Строительство телескопа,— устройства достаточно сложного, деликатного и не поступавшего в широкую продажу в те годы,— эта идея захватила поэта. В «Осколках зеркала» М. Тарковская приводит несколько писем, свидетельствующих о том, какие усилия прилагал поэт, чтобы получить в свое распоряжение этот столь важный инструмент. В своей любви к звездам поэт не был одинок и пытался популяризовать астрономию: в планах, увы, не сбывшихся было создание народной обсерватории, секции телескопостроения в поселке Голицино (где Тарковскими была куплена половина дома), а в 1950-х гг. даже поэт был даже избран членом Совета Московского отделения Всесоюзного астрономо-геодезического общества.

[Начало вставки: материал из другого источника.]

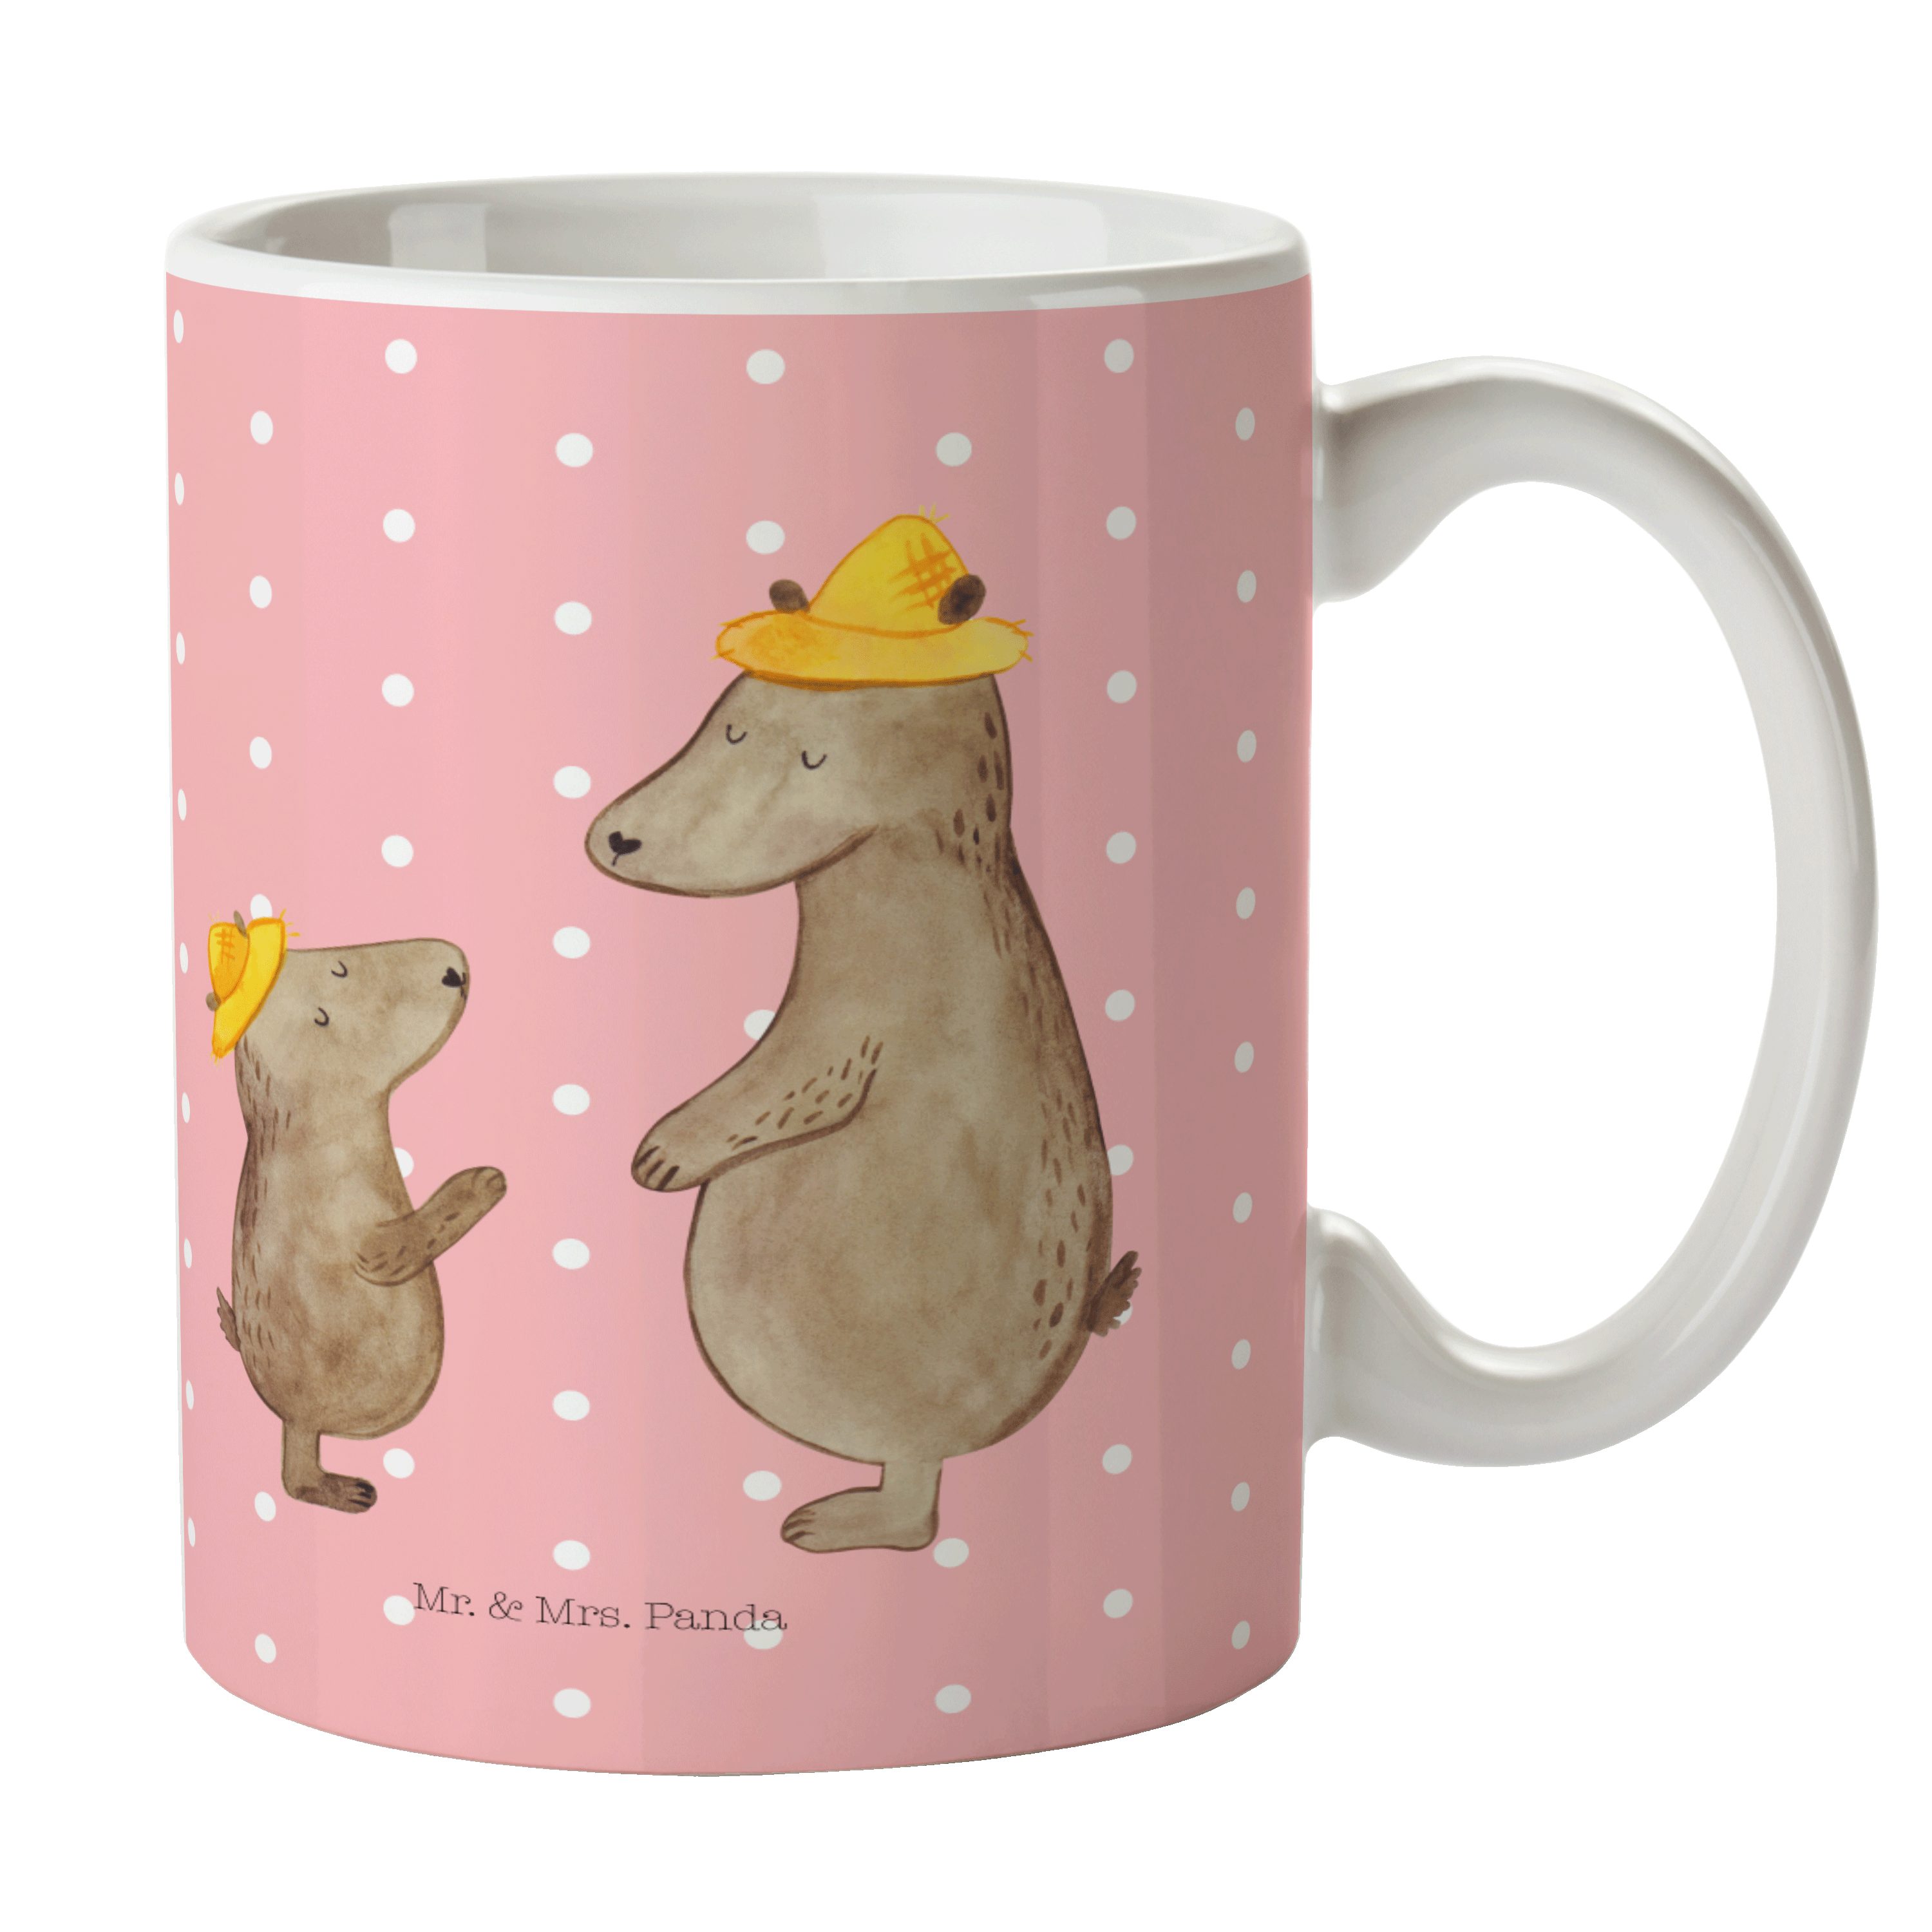 Mr. & Mrs. Panda Tasse Bären mit Hut - Rot Pastell - Geschenk, Vatertag, Muttertag, Kind, Ki, Keramik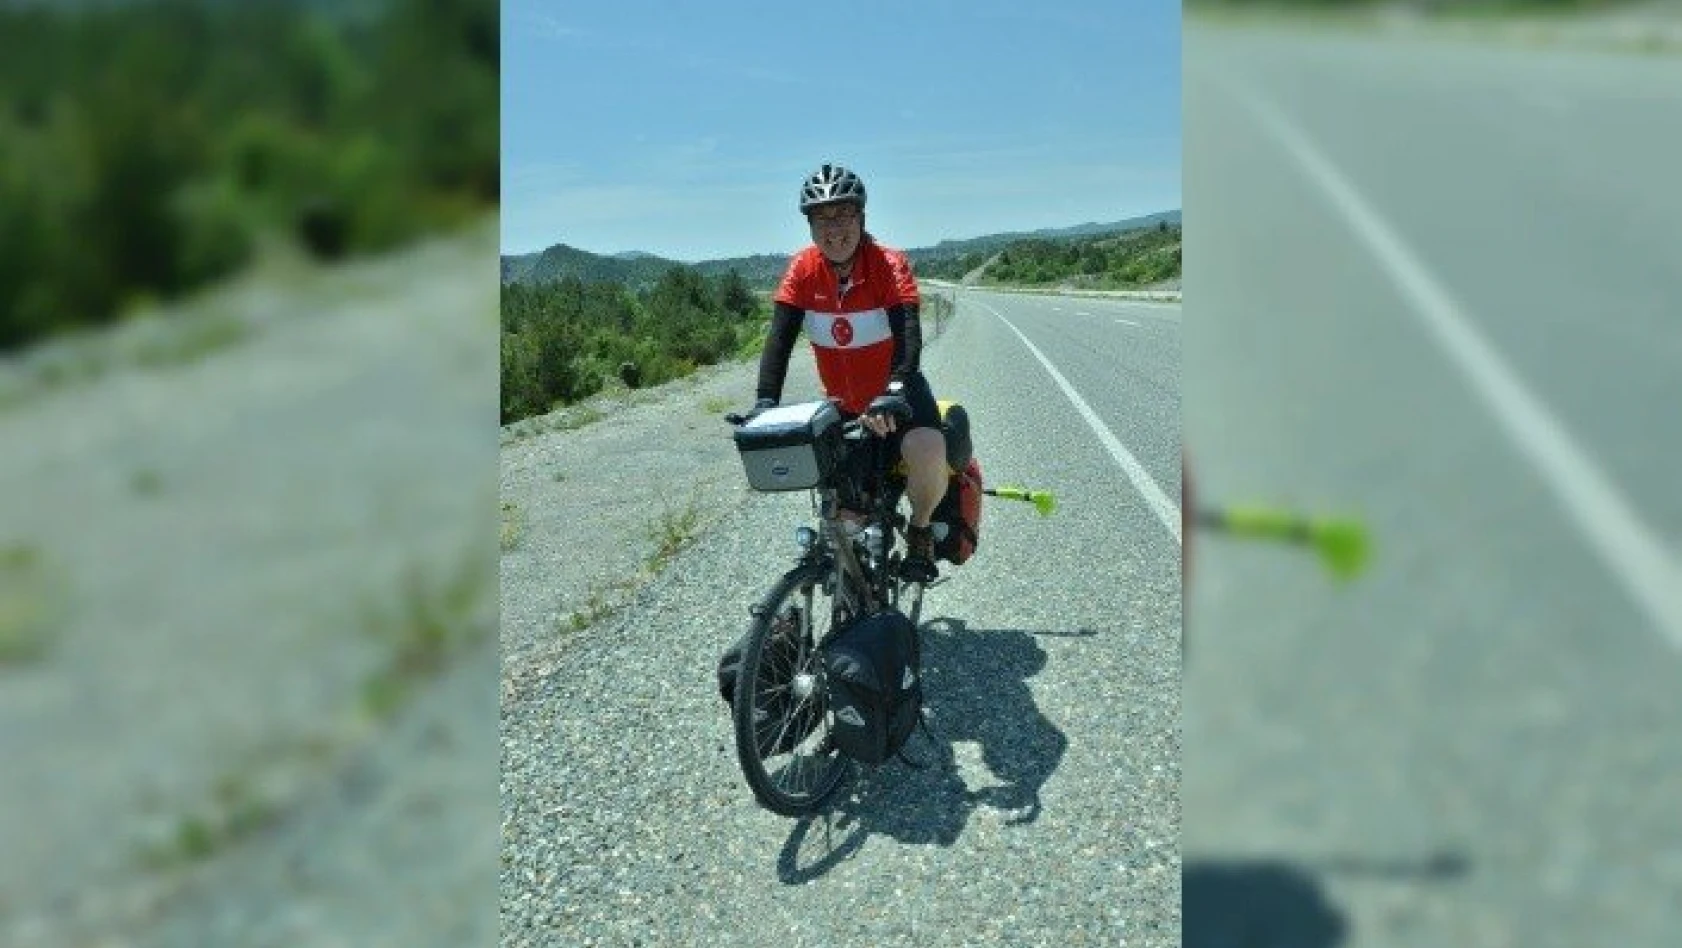 Bisikletli İngiliz ay yıldızlı tişörtüyle Türkiye'den geçiyor

«Папа забывал обо всем на свете — а главное, о сроках сдачи очередного перевода. А так как для всех астрономических занятий были нужны деньги, папа заключал договора с издательствами. Тратился аванс, и когда приближался срок сдачи перевода, наступала катастрофа…»
[2, с. 280].
О глубине этого увлечения свидетельствуют и люди, близко знавшие Тарковских. Писатель, поэт и художник Ю. Коваль вспоминает курьезный случай: Тарковский, увидев в магазине бинокль, не смог устоять. Татьяна Алексеевна (супруга поэта) задала резонный вопрос:
— А что это у тебя на груди болтается?
— Да это,— он говорит,— чепуха, не обращай внимания <…>.
— Нет, позволь, Арсений,— говорит Т. А.
— Но это же, кажется, бинокль?
— Да. Тут мы с Юрочкой думали-думали и решили купить.
— И сколько же он стоит?
— Это был последний экземпляр, и мы его купили по смехотворно низкой цене.
— Арс! Но у тебя есть по крайней мере шесть биноклей и еще подзорная труба!
— Таня, ты не понимаешь! У меня есть бинокли — шестикратные (труба не в счет), двенадцатикратные, но — восьмикратного у меня не было…[4, с. 111]
Запись телескопа в научном паспорте, согласно с музейными правилами:
Астрономический прибор, мемориальный предмет. Телескоп Тарковского А.А., 1950-е г. Германия (оптика), размер: d‑11,5 дл. 121.
Описание. Надписи: На латунной части клеймо фирмы и № 9615.
На верхнем окуляре: “Kellner’sches okular, f‑40 mm, 30х”.
На боковом: “Huyghens’sches okular, f‑18 mm, 67х, Carl Zeiss Jena”
В разделе Андрея Тарковского постоянной экспозиции Музея кино есть фотография его поэта-отца в военной форме, образ которого присутствует в фильмах режиссера, в витрине выложены пластинки с записями классической музыки из коллекции поэта. Телескоп хранится в мемориальном фонде, как предмет — не вписывается в концепцию, да и места занимает много.
Вместе с ним на хранении находятся и другие не менее занимательные приборы, например, бинокулярная труба — мощный морской бинокль на подставке, большие и маленькие окуляры, линзы, призмы, лупы, зеркала и т. п. Все в ящичках, пенальчиках, коробках и коробочках того времени, с аккуратными надписями, сделанными рукой Арсения Тарковского, — что это, когда и от кого получено. Все это было ему дорого в прямом и переносном смысле слова.
____________________________
Литература
1. Педиконе П. Тарковские: отец и сын в зеркале судьбы. М.: ЭНАС, 2008. 406 с.
2. Тарковская М.А. Осколки зеркала. М.: Вагриус, 2006. 416 с.
3. Тарковский А.А. Избранное: Стихотворения; Поэмы; Переводы. 1929–1979. М.: Худож. лит., 1982. 736 с.
4. Тарковский А.А. Ностальгия. М.: АСТ: ХРАНИТЕЛЬ: Зебра Е, 2008. 494 с.
5. Туровская М. И. 7 1/2, или Фильмы Андрея Тарковского. М.: Искусство, 1991. 253 с.